Manufandu berharap lembaga pengawasan dan aparat penegak hukum yang bertugas di Papua memiliki kemampuan dan dilandasi sikap jujur untuk berani mengungkap semua praktik-praktik yang tidak benar yang merugikan keuangan negara, karena rakyat Papua selalu merasa tidak puas dengan segala upaya yang dilakukan pemerintah selama ini untuk membangun Papua.

"Saya minta aparat berani mengusut tuntas kasus penyelewengan dana PON XX, juga perbaikan Kantor Gubernur Papua, MRP dan DPRP yang dirusak massa saat kerusuhan tahun 2019," ujarnya pula.

Manufandu juga meminta warga Papua terutama di Kota Jayapura agar berpikir jernih mencermati persoalan hukum yang kini dihadapi oleh Gubernur Lukas Enembe, dan tidak terhasut untuk melakukan hal-hal yang berpotensi melawan hukum.
"Masyarakat Papua harus sadar bahwa ada penyalahgunaan tata kelola pemerintahan dan tata kelola keuangan negara di Provinsi Papua selama ini yang hanya menguntungkan orang-orang tertentu. Jangan selalu menyalahkan pemerintah pusat. Kita semua harus buka mata dengan segala penyelewengan yang luar biasa yang terjadi selama ini," katanya pula.

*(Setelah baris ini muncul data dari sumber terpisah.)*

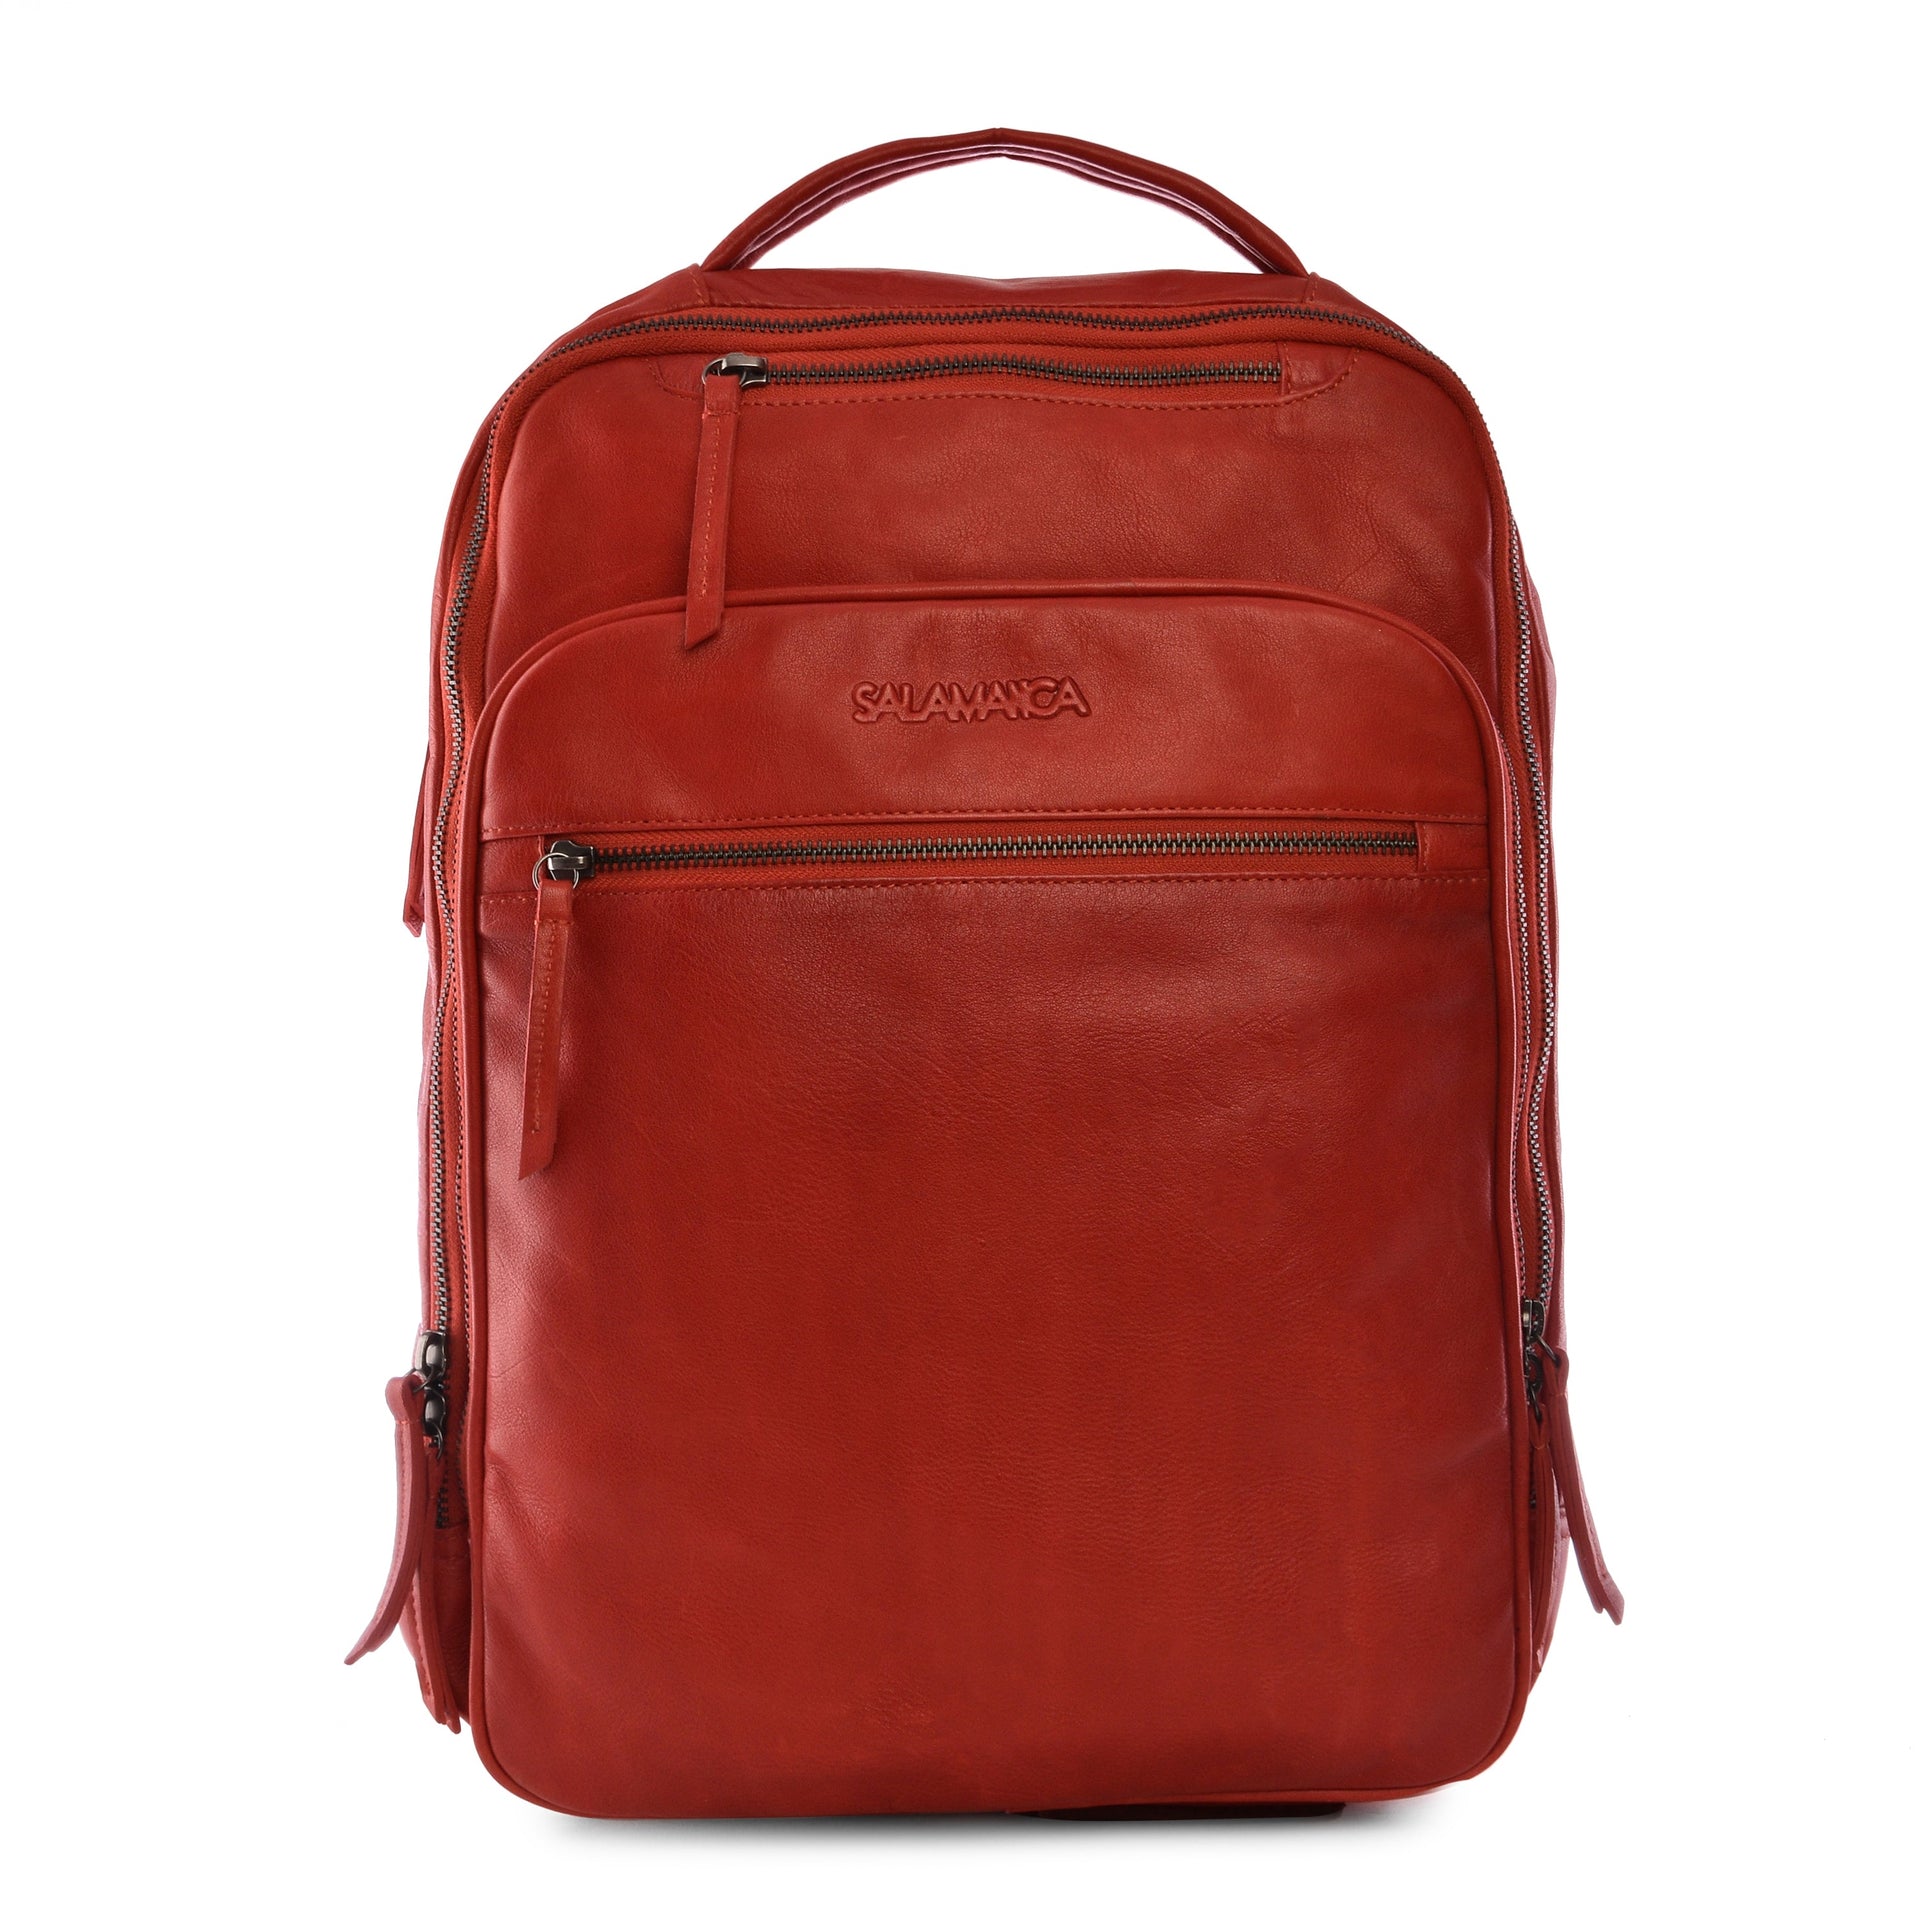 Oliver Blake Backpack - Tango Red - Backpack

Soal indikasi adanya dana ratusan miliar rupiah digunakan untuk diinvestasikan dalam kegiatan perjudian kasino di luar negeri oleh oknum pejabat Papua, Manufandu menduga hal itu terkait dengan keputusan Pemprov Papua memindahkan kas daerah dari Bank Papua ke bank devisa seperti Bank Mandiri, BNI, dan lainnya, sehingga bisa dicairkan di luar negeri untuk kepentingan oknum-oknum tertentu.

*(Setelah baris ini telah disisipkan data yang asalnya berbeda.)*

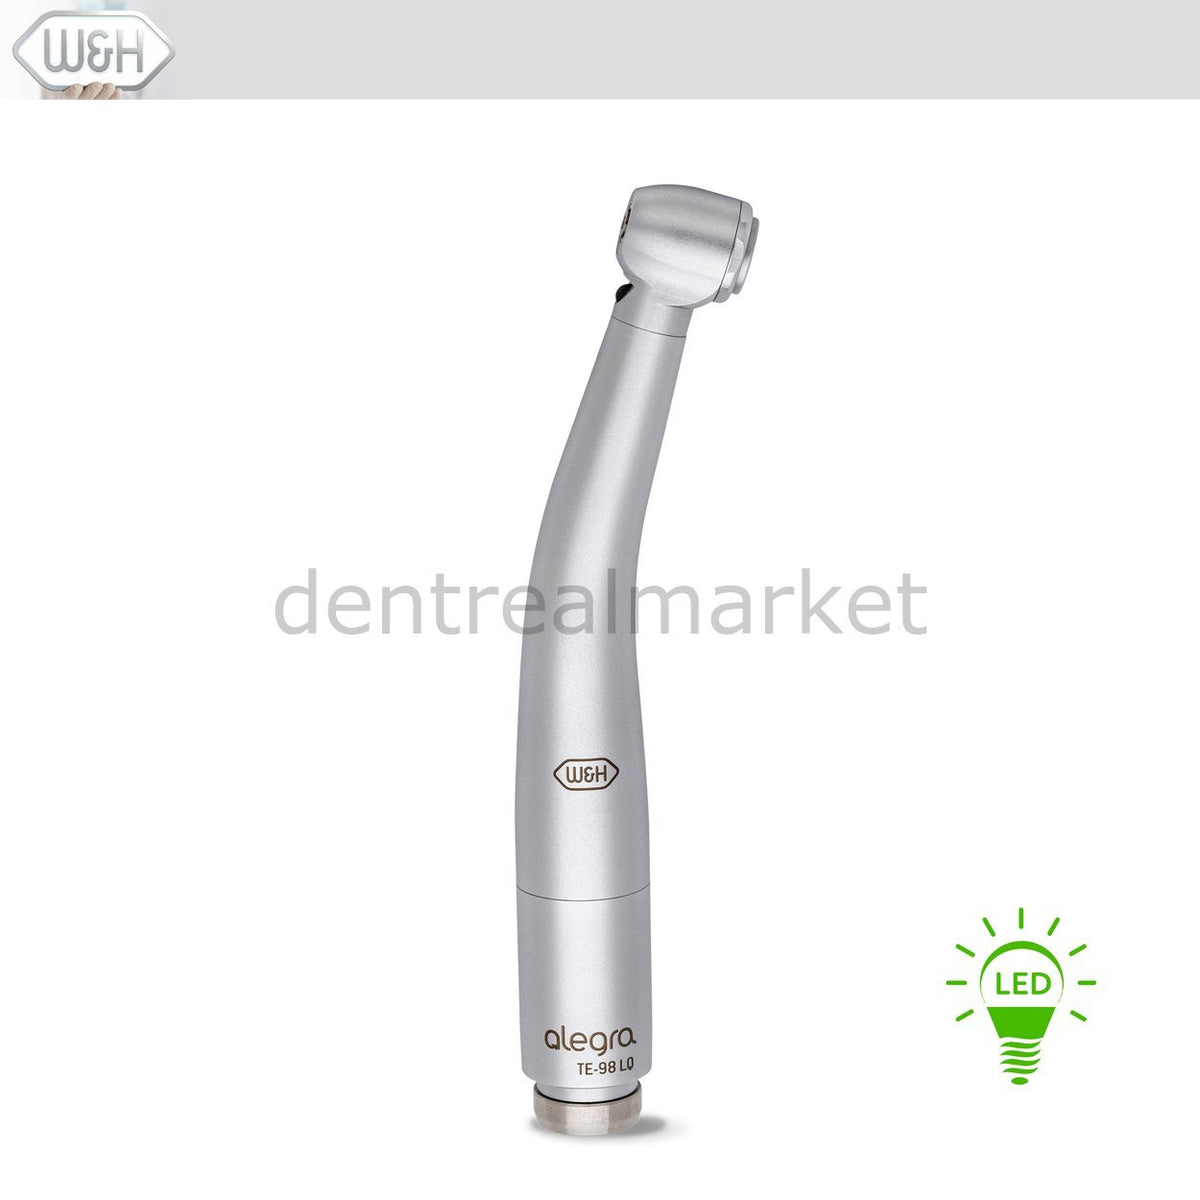 DentrealStore - W&H Dental Alegra Turbine Led Light Aerator - TE-98LQ

Komisi Pemberantasan Korupsi (KPK) telah mengirimkan surat panggilan kedua kepada Gubernur Papua Lukas Enembe (LE) untuk diperiksa sebagai tersangka di Gedung Merah Putih KPK, Jakarta pada Senin ini.

"Iya, informasi yang kami peroleh, benar surat panggilan sebagai tersangka sudah dikirimkan tim penyidik KPK. Pemeriksaan diagendakan Senin, 26 September 2022, di Gedung Merah Putih KPK," kata Kepala Bagian Pemberitaan KPK Ali Fikri, di Jakarta, Kamis (22/9).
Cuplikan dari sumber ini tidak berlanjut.